1) Myotonic dystrophy type 1 - DMPK - 19q13.32
2) CADASIL - NOTCH 3 - 19p13.2
3) SCA6 - CACNA1A - 19
4) Diamond-Blackdan anaemia - RPS19
Give three examples of cancer related disorders associated with chromosome 19
1) Peutz-Jeghers syndrome/heterdiatry intestinal polyposis synsome - STK11 (TSG) - 19
2) Familial AML with mutation CEBPA - CEBPA -
3) ALL - chromsome rearrangements
4) Oligodendoglimoas - co-deletion of chromosome 1p and 19q
Give three examples of microduplication/deletion syndrome associated with chromosome 19.
1) Microdeletion of 19p13.2
2) Microduplication of 19p13.2
3) 19p13.3 microdeletions
4) 19p13.13 microdup/del syndrome
5) 19q13.11 microdeletion
Give the name of the gene, its position and three clinical features associated with Myotonic dystrophy, type 1.
DMPK 19q13.32 expressed in skeletal muscle.
CTG expansion
myotonia, muscular dystrophy, cataracts, hypogonadism, frontal balding and ECG changes
Give the name of the gene, its position and three clinical features associated with CADASIL.
NOTCH3 - 19p13.12 (AD)
Cerebral arteriopathy with subcortical infarcts and leukoencephalopathy 1
1) Progressive dementia
2) Mood disorders
3) Migraine
4) Recurrent subcortical cerebral infarctions
Which gene is associated with SCA6, give some clinical features of the disorder.
CACNA1A at 19p13.13. CAG expansion (19+ repeats)
- Cerebellar ataxia
- Dysarthria
- Dysphagia
- Cerebellar atrophy
- Hemiplegic migraine in some patients
- Selective loss of cerebellar Purkinje cells
Gaze-evoked nystagmus - Impaired smooth pursuit
- Abnormal vestibuloocular reflex (VOR)
Which gene is associated with Diamond-Blackfan anaemia give some clinical features of the disorder.
Disorder can be caused by mutations in 70 ribosomal protein genes.
RPS19q13.2 (AD) associated with 25% of cases.
Fatigue Weakness Abnormally pale appearance Webbed neck Short statue Eye problems Increase risk of AML and osteosarcoma
What are some of the features of Peutz-Jeghers syndrome. What gene is this disorder associated with?

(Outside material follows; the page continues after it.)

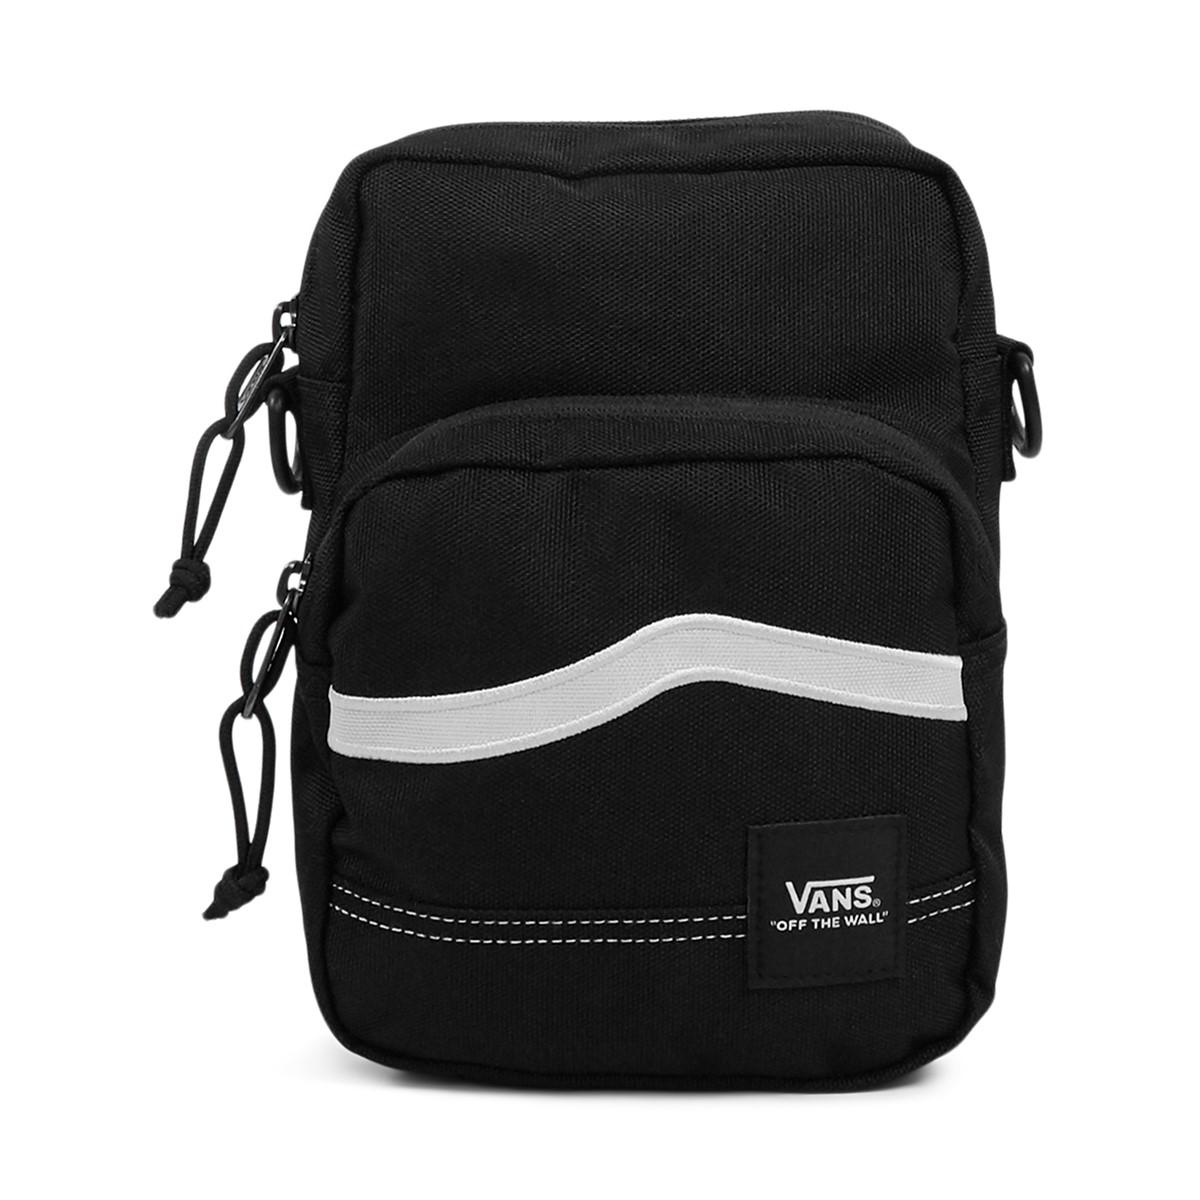 Construct Shoulder Bag in Black/White

Tumour suppressor gene STK11 at 19p13.3
Characterised by the development of benign hamartomatous polyps in GI tract and hyperpigmented macules on lips and oral mucosa. Increased cancer predisposition
Give three clinical features of 19p13.2 microdeletion? What other names is this deletion now recognized by? What is the critical gene?

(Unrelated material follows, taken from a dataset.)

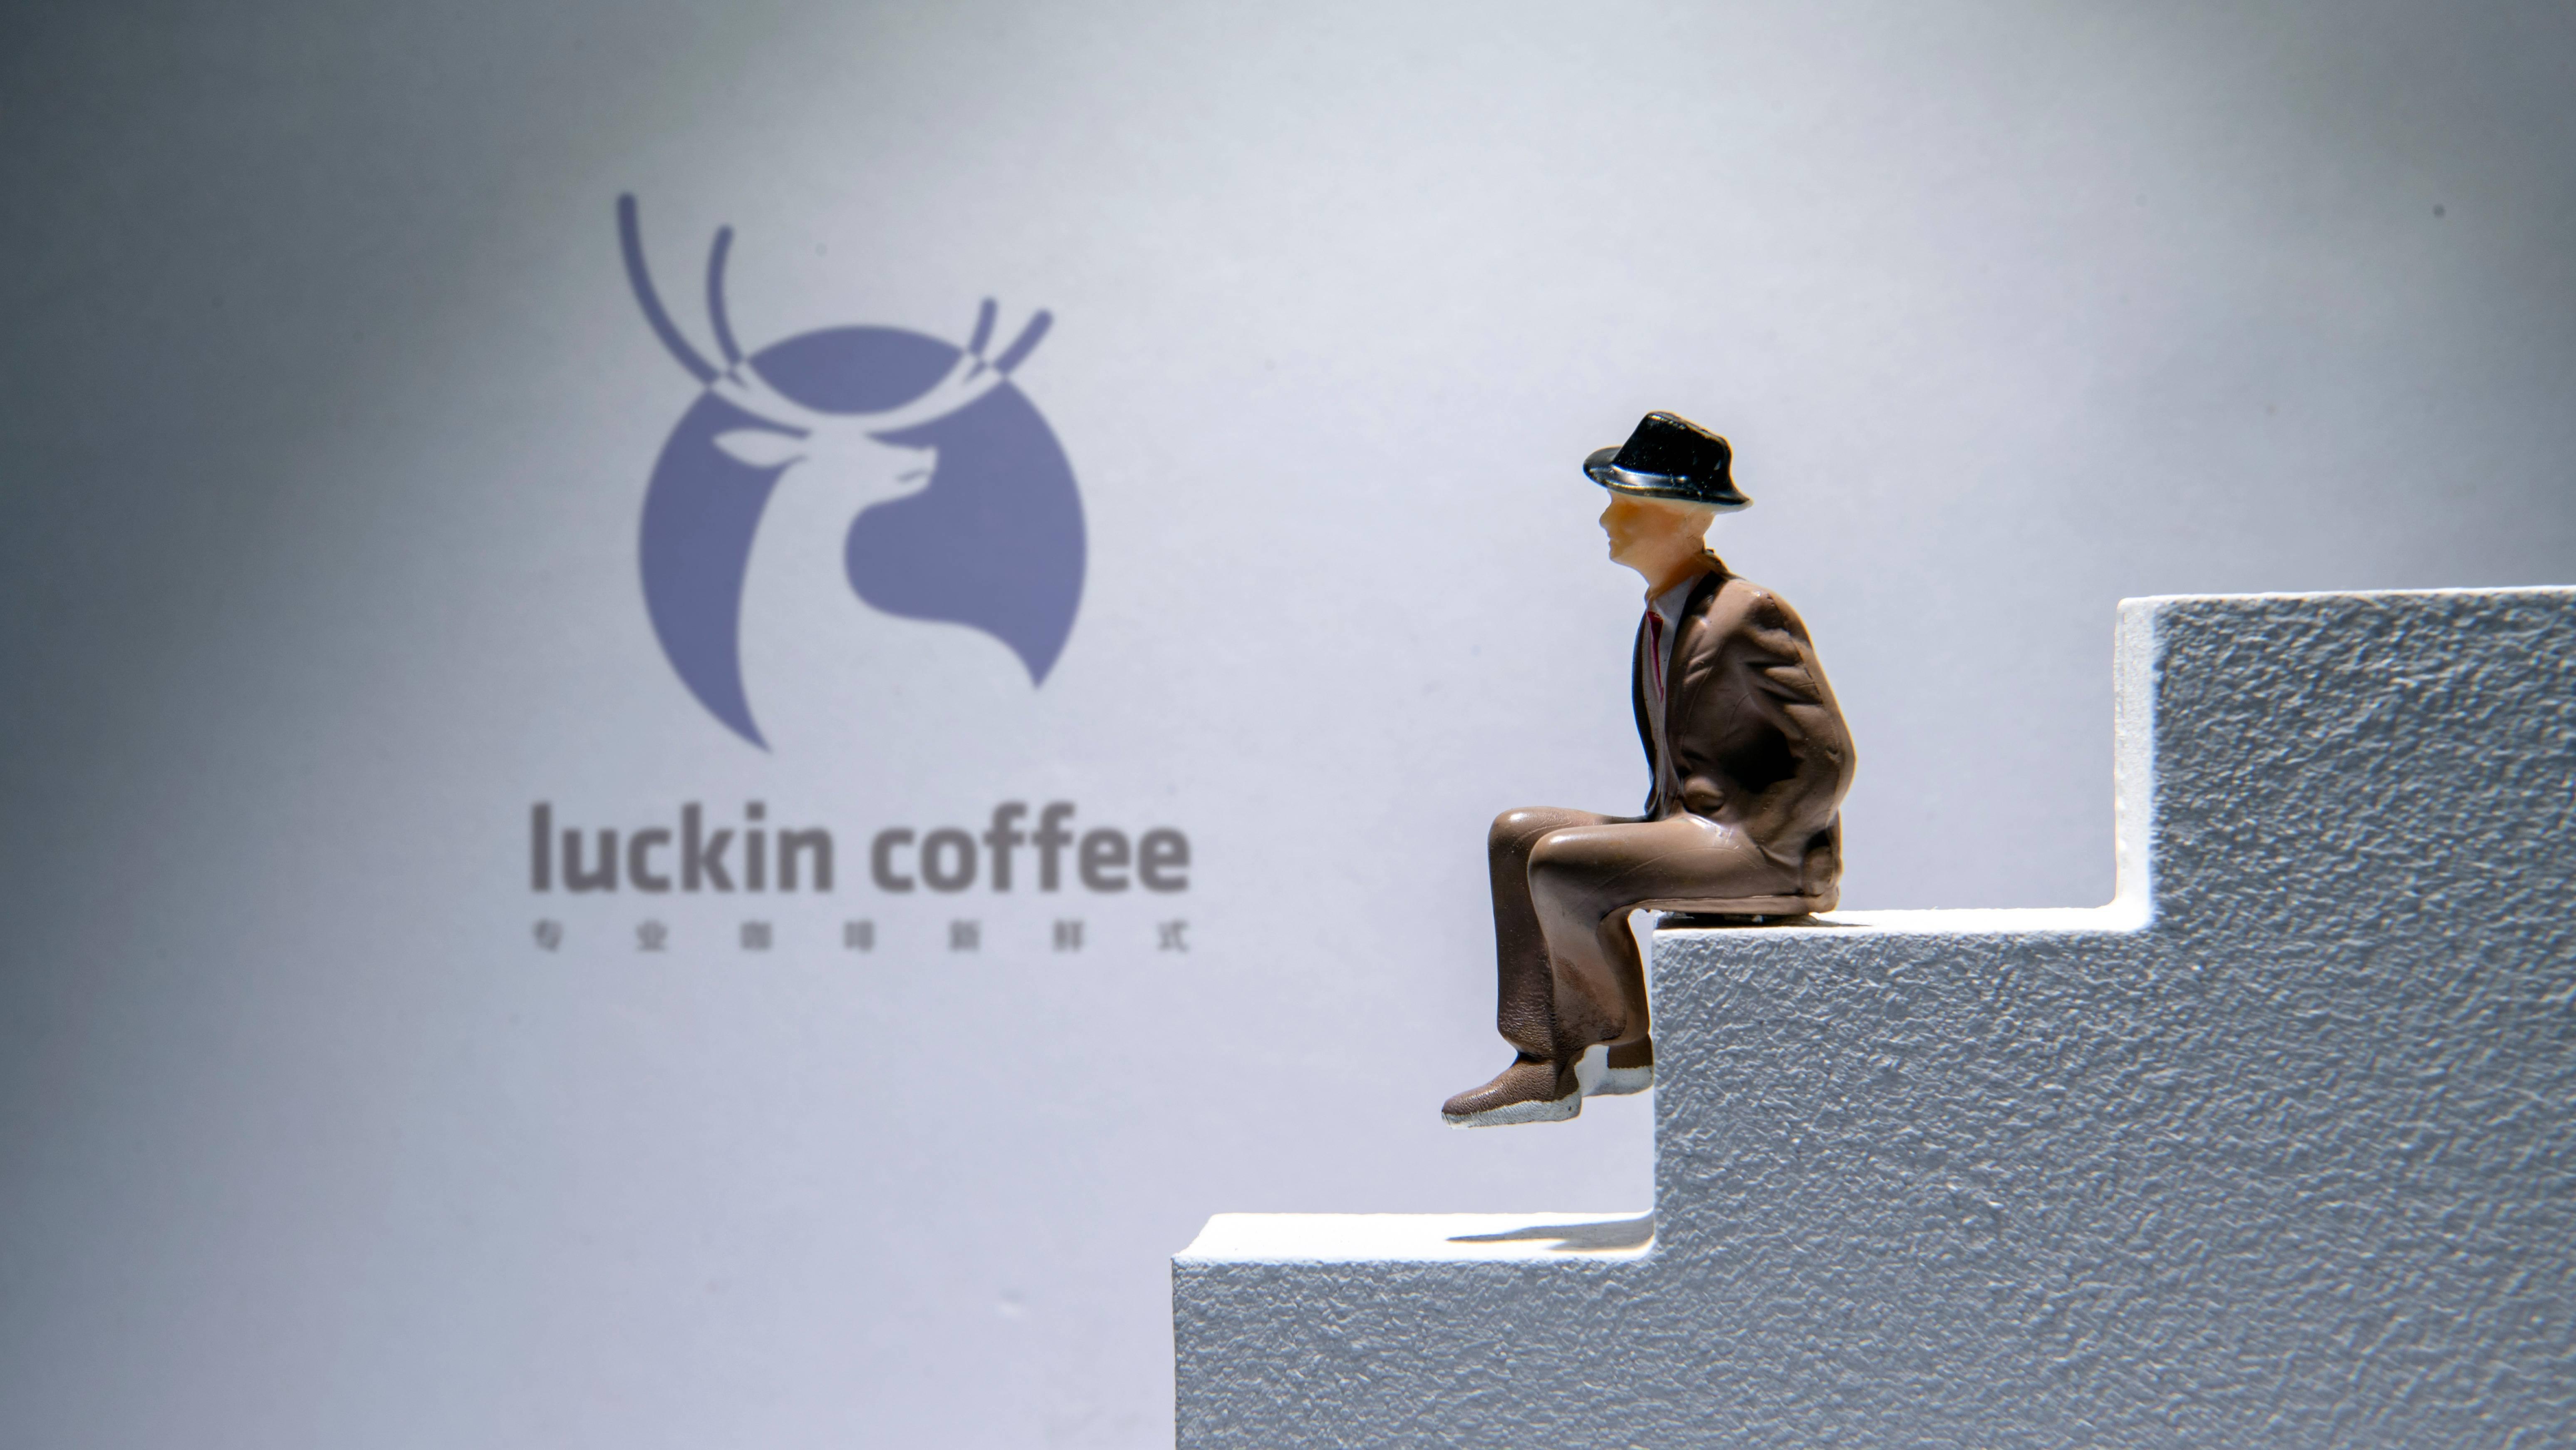 【虎嗅早报】瑞幸咖啡今日停牌;2020年国内成品油首次上调

Typically 0.18Mb-3.4Mb (7-96gene). Candidate gene NFIZ
Also known as Sotos syndrome 2 or Malan syndrome.
1) Macrocephaly
2) Tall stature
3) Delayed delopment of speech and motor skills
4) Moderate ID
5) Seizures
6) Feeding and digestive difficulties
7) Eye abnormalities
What are the features of a microduplication of 19p13.2?
Causes Sotos syndrome-like phenotype. Alters gene expression
1) Variable neuro-cognitive disability
2) Overgrowth
3) Facial dysmorphism similar to Sotos
What are the features of a microdeletion/duplication at 19p13.13
Deletion: developmental delay, overgrowht, macrocephaly with frontal bossing, opthalmalgic and GI findings
Duplication: growth delay and microcephaly.
Smalest region of overalp ~300kb inc 16 genes. Candidates for phenotype include MAST1, NFIX and CALR.
What are the features of a microdeletion at 19q13.11
1) Growth deficiency
2) Microcephaly
3) ID
4) Ectodermal anomalies
5) Genital malformations in males
6) Developmental delay
7) Speech disturbances
Deletion includes 5 genes, inc four zinc-fingers
What phenotype is associated with WIPT1 deletion?
can sometimes be part of larger 19q13.11 deletions. Wilms tumour interacting protein (WIPT1) gene results in hypospadius and is a candidate gene for this genital abnormality, given its WT1 interaction.
Haploinsufficency suggested as underlying mechanism.